Куда там ничтожным Настасьям Филипповнам, Грушам, и даже Сонечкам
Мармеладовым! Хотя, Сонечка Мармеладова, возможно, и могла бы
поспорить не только с Анной Карениной, но и с самой Офелией!
И даже наверняка! Но только поспорить! И только для того,
чтобы признать свое поражение!

Итак, смерть, как духовный переход, и у Толстого, и у Достоевского,
одновременно и возможна, и невозможна. Оба они двойственны.
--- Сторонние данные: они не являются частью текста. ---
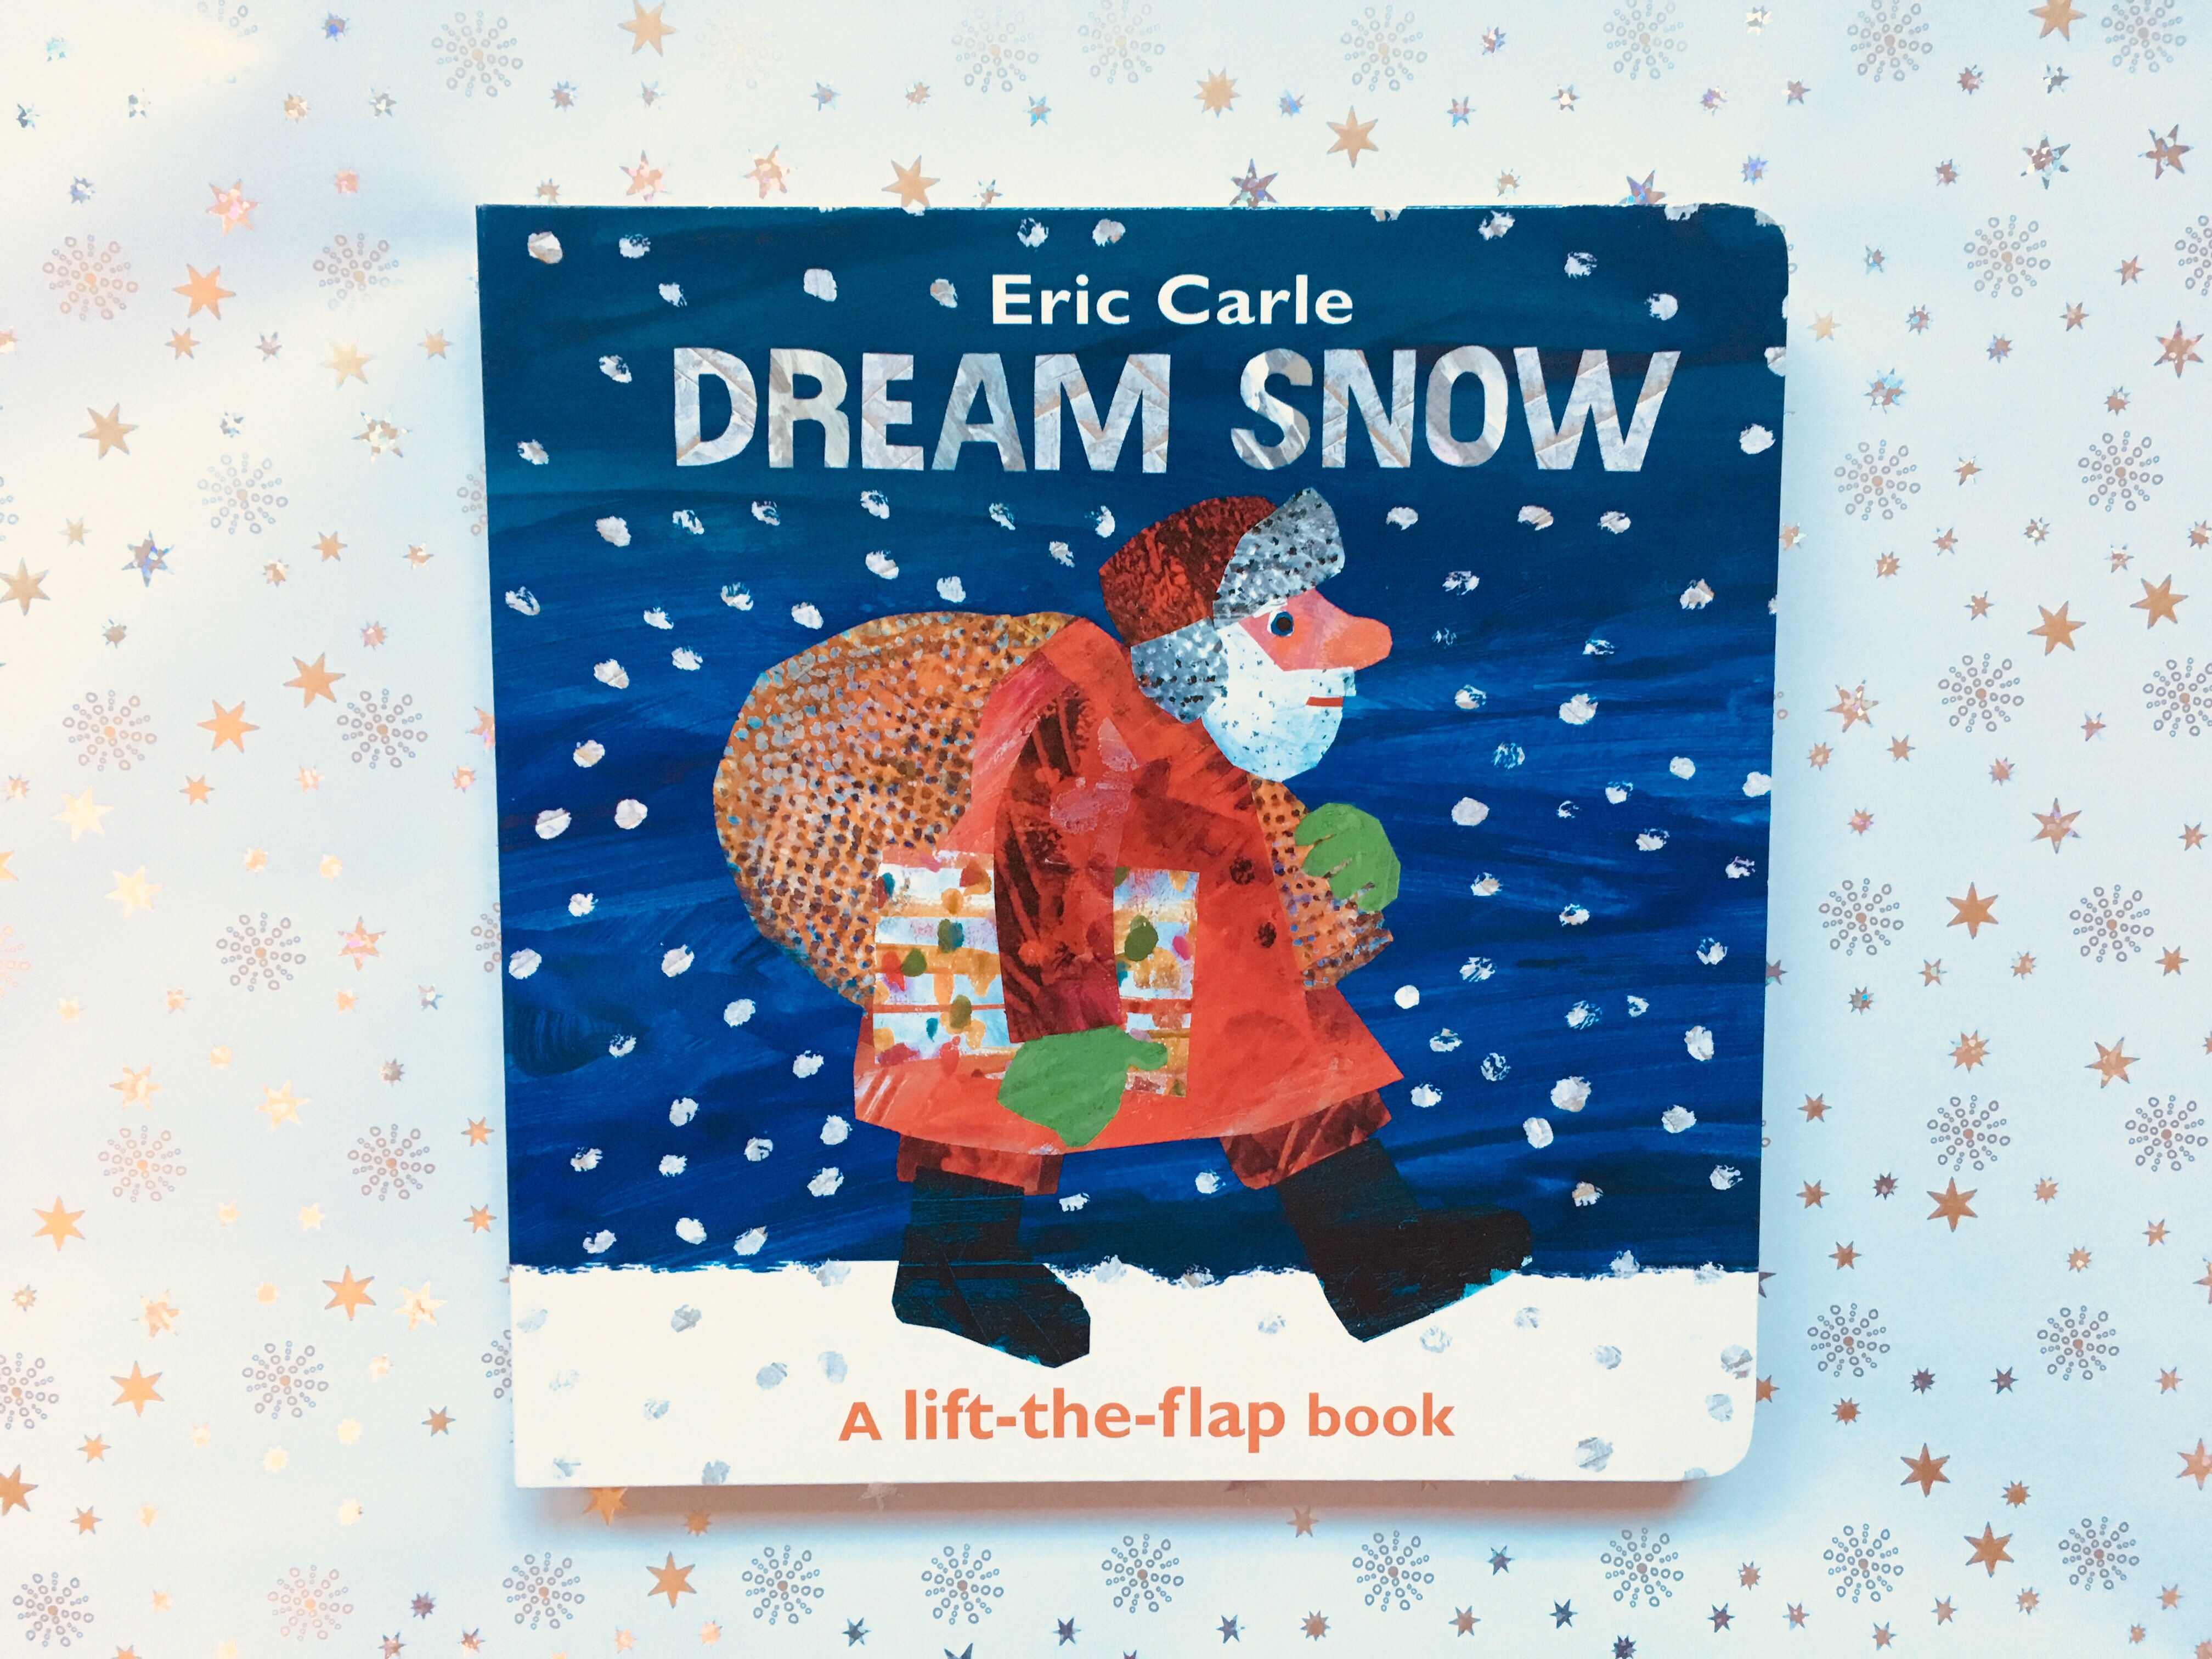 2 dream snow by eric carle 699 puffin - Books About Santa Claus 2

В статье Рогановых о русском Танатосе, опубликованной Топосом,
авторы указали на то, что именно «невозможность» события смерти в
современном обезбоженном мировоззрении Запада связана с
профанностью его духовной жизни. Без на самом деле контакт
читателя с дискурсом бесплоден, и современная западная
литература из сил выбивается, конструируя утраченную «возможность»
смерти, но тщетно, так как такая «возможность» существует в
массовом сознании только как простое биологическое прекращение
существования других, то есть, что и подчеркивают Рогановы,
как вещь невозможная для себя.

Достоевский уже осознавал эту будущую смерть Бога Запада, и конец
вместе с ним христианской смерти, этого единственного
аргумента против «все дозволено». Однако, изображать происходящее на
глазах опошливание на самом деле не было задачей ФМ. И,
если смерть в христианском смысле виделась ему невозможной, то
оставалась попытка превратить воображаемую и изображаемую
жизнь в подобие такой смерти со знаком минус, трактуя историю
человеческой души, вплоть до момента окончательного
разрушения, как историю бесконечного падения. Падение. Иногда
кажется, что Камю позаимствовал у Достоевского название своего
романа. Но в том то и дело, что падение у Достоевского
переполнено величием, так как предваряет падение эпохи. Падение у
Камю переполнено отчаянием, лишенным и намека на пафос.
Тошнота, вот правильное слово, которое угадал Сартр. Поэтому,
когда мы теперь читаем Федора Михайловича, мы как бы меняем
тошноту на падение, наполненное даже сладким замиранием духа. Мы
обманываем себя, но можно ли нас за это осуждать?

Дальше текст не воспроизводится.